How an abortion pill ruling could threaten the FDA's regulatory authority

Two contradictory court rulings are raising questions not only about the future of the abortion pill mifepristone, but the federal government's authority to approve and regulate drugs in general.

Mifepristone is widely used across the U.S. to end pregnancy in the first 10 weeks of gestation and help manage miscarriages. The Food and Drug Administration (FDA) first approved it in 2000, after it evaluated data and concluded the drug's health benefits outweigh its risks.

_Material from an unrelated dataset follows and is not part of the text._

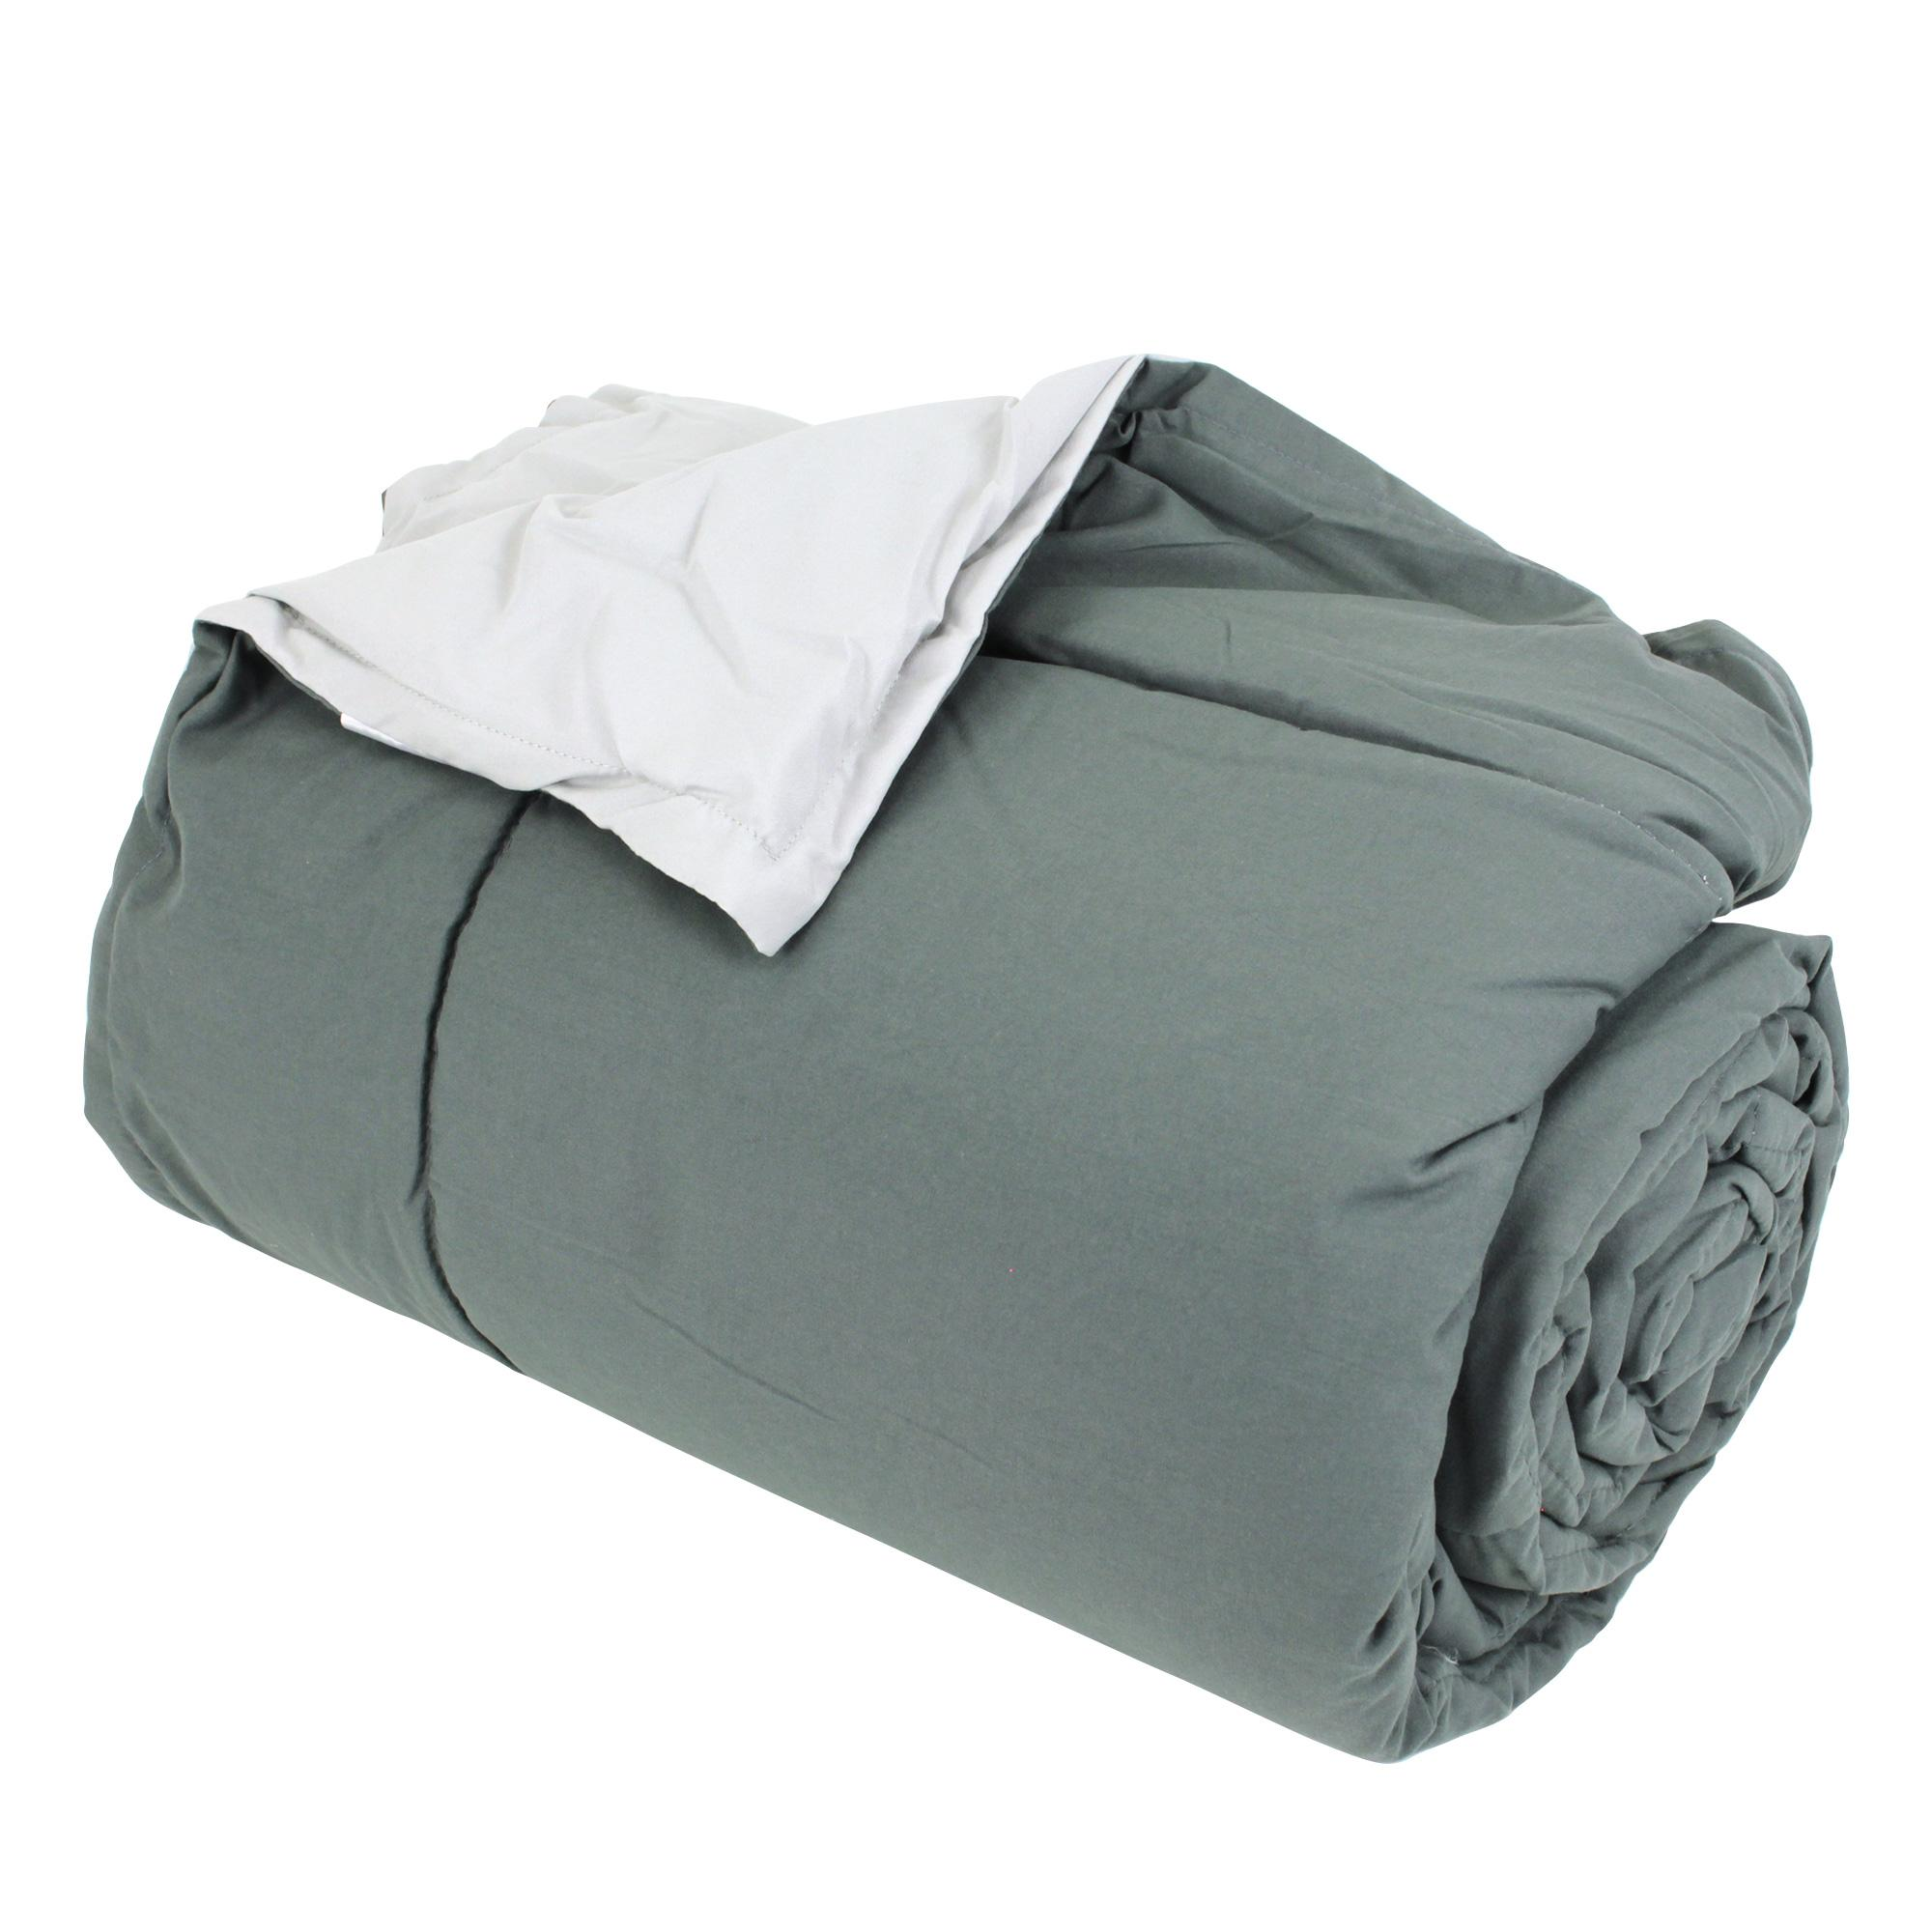 dessus de lit bicolore frisbee 240x260 cm acier perle linnea vente de linge de maison. Black Bedroom Furniture Sets. Home Design Ideas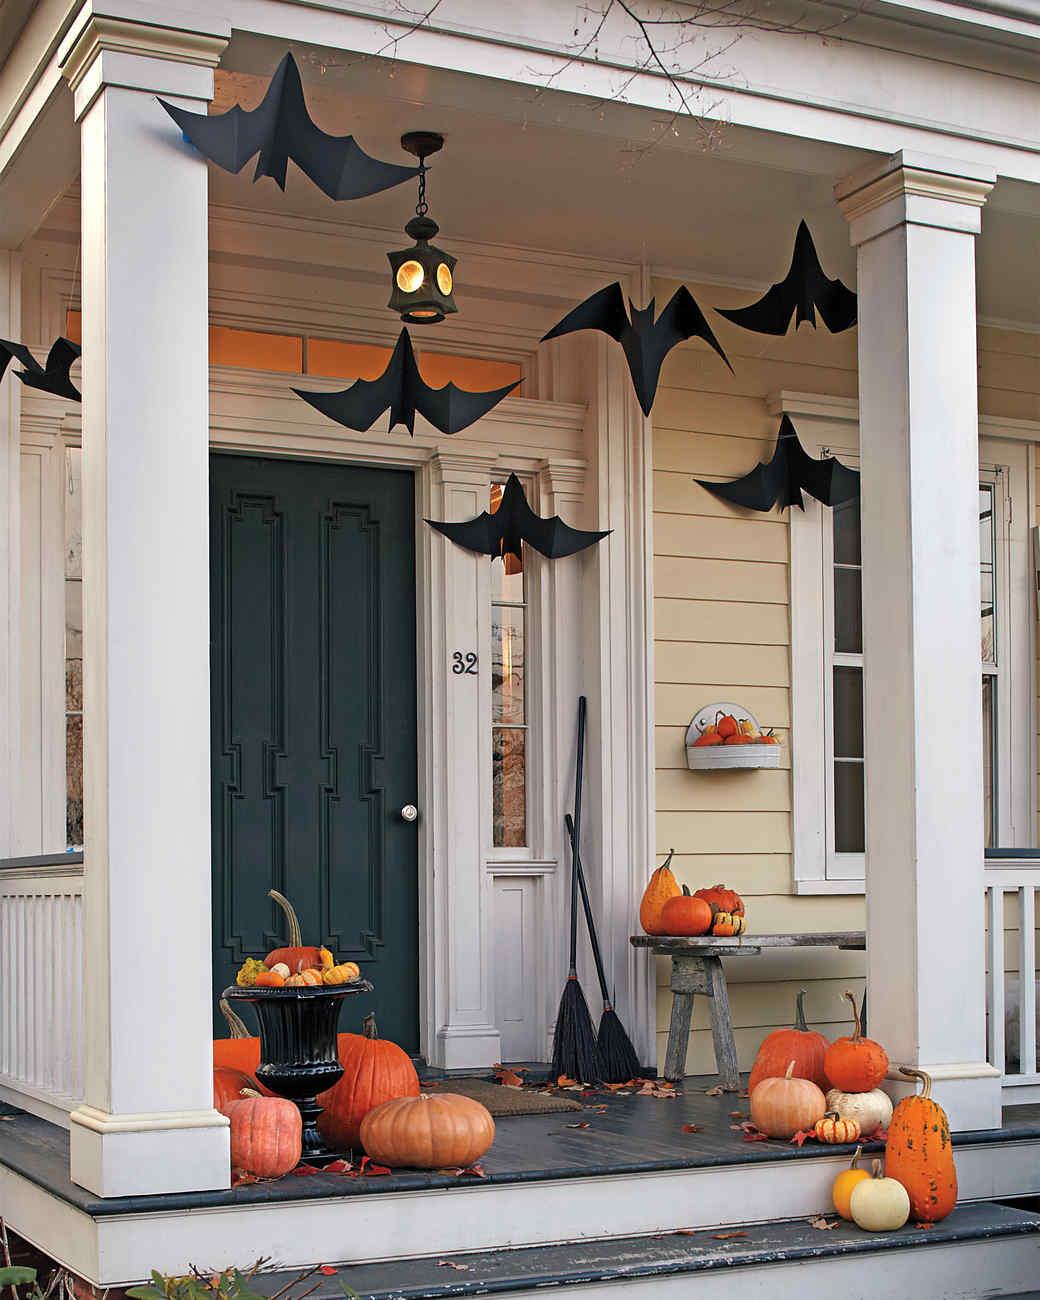 Halloween Outdoor Decorations Part - 25: Hanging Bats

More than two decades later, a federal judge in Texas refuted the FDA's approval, issuing an injunction that would suspend its approval nationwide. That pause is set to take effect on Friday, though the Justice Department has appealed to block it.

In Washington state on Friday, a different federal judge issued a separate ruling that prohibits the FDA from pulling the drug from the market.

Uncertain about the future of mifepristone access, several states began stockpiling doses of the drug, major pharmaceutical companies expressed support for the FDA, and some Democrats and at least one Republican lawmaker urged the Biden administration to ignore the Texas ruling (a suggestion the White House dismissed as a potentially "dangerous precedent").

Holly Fernandez Lynch, an assistant professor of medical ethics and law at the University of Pennsylvania, calls the Texas ruling "truly an unprecedented decision."